Yes folks, let’s observe a minute’s silence over the sad passing of that miracle ingredient that made me/you look youthful. I no longer get mistaken for someone in their twenties (the story in point 5 doesn’t count) and on bad days not even someone in their thirties. Makeup doesn’t work the magic it used to, there is no skincare on earth that can bring the plump firmness back (no matter what all those Loréal ads say) and a hollow slackness has appeared on that face in the mirror. But worst of all, the eyelids drop! The face sagging: I get that. The tummy wrecked to holy hell by three pregnancies and births: logical. But my eyelids dropping? What kind of sick joke is that? I look like I’m permanently asleep. I have friends battling serious illness and problems of my own more serious than The Mystery of the Vanishing Collagen and Droopy Eyelids so I know this could seem insensitive and self-absorbed. But our issues are our issues and frankly, it takes the wind out of my sails seeing myself age. (I said I was trying to confront the body image demons; the face doesn’t count, ahem.)

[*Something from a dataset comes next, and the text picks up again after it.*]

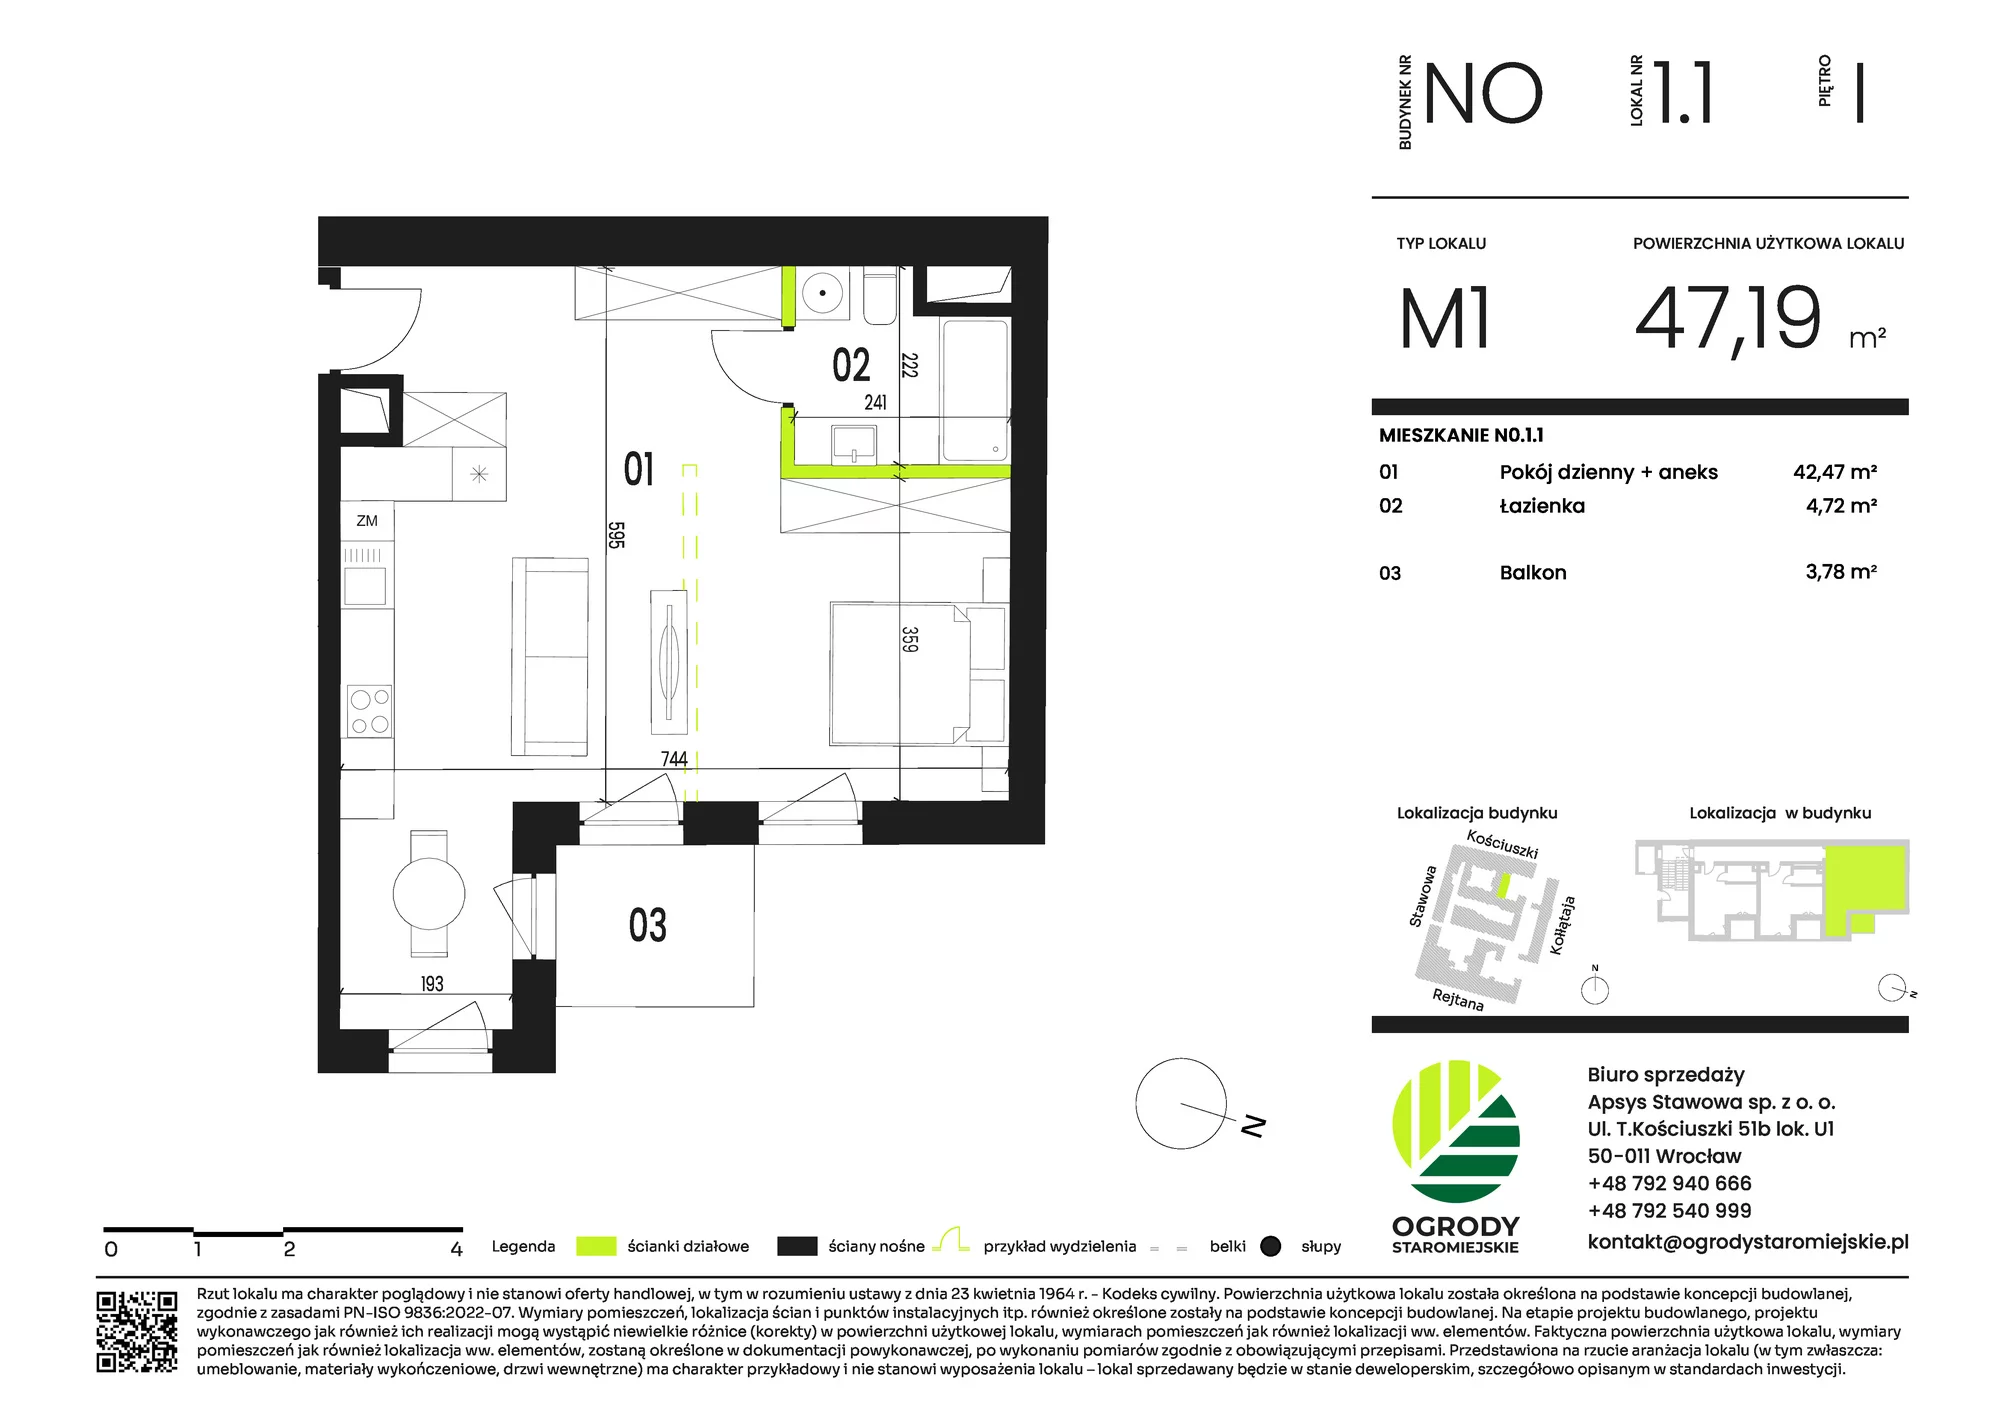 Mieszkanie 47,19 m², piętro 1, oferta nr NO.1.1, Ogrody Staromiejskie, Wrocław, Przedmieście Świdnickie, ul. Stawowa 10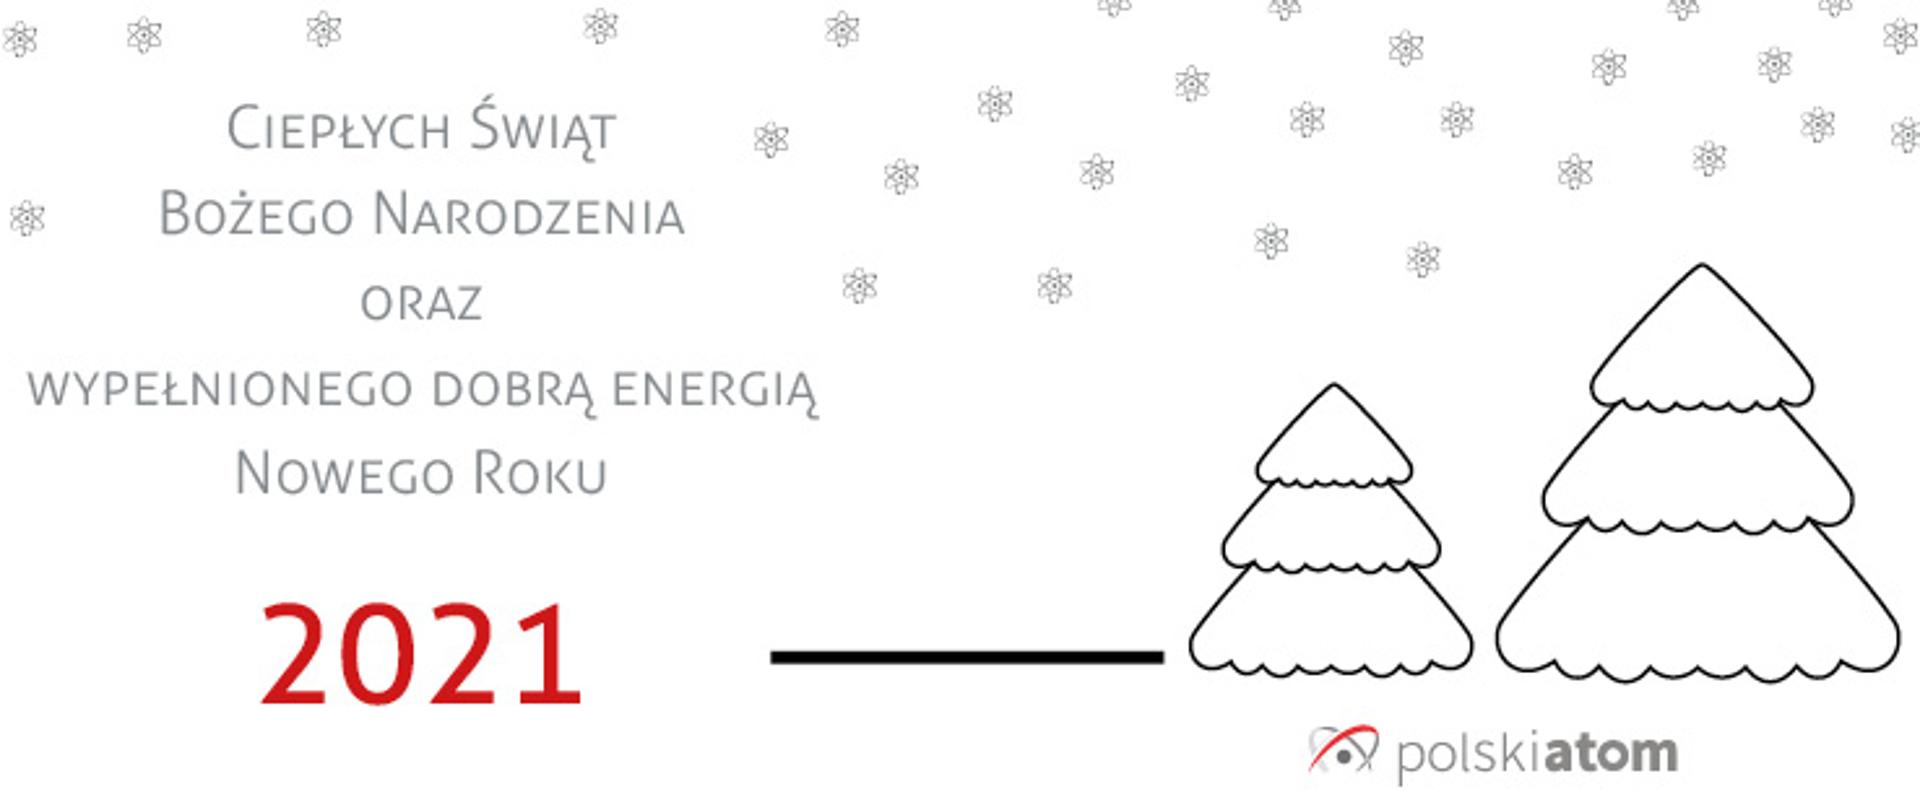 Kartka świąteczna z napisem Ciepłych Świąt Bożego Narodzenia oraz Wypełnionego Dobrą Energią Nowego Roku 2021

12. LIFE’S ALL ABOUT STAGES AND I’VE REACHED THE NEXT ONE
As I sit here writing at my ‘cafe office’, there are two young mothers in that follow-the-toddler-around-before-they-run-out-to-the-road-or-destroy the place stage, unable to sit down and drink their coffee before it’s cold. Each summer, I see mothers struggling onto the beach with a hundred bits of equipment, babe in arms. I see women pushing buggies loaded with paraphernalia. And I can’t help thinking ‘Gosh I’m so happy I’m way past that stage now’. When I met my dolly of a niece, I found myself saying things like “Mine used to do that when they were little”. I felt like a veteran mother (let me be a veteran at something okay?) yet friends with older kids say to me “I’m glad I’m out of your stage…your kids are still so young.” At least I get to drink my coffee while it’s still hot, well, lukewarm. See? All relative…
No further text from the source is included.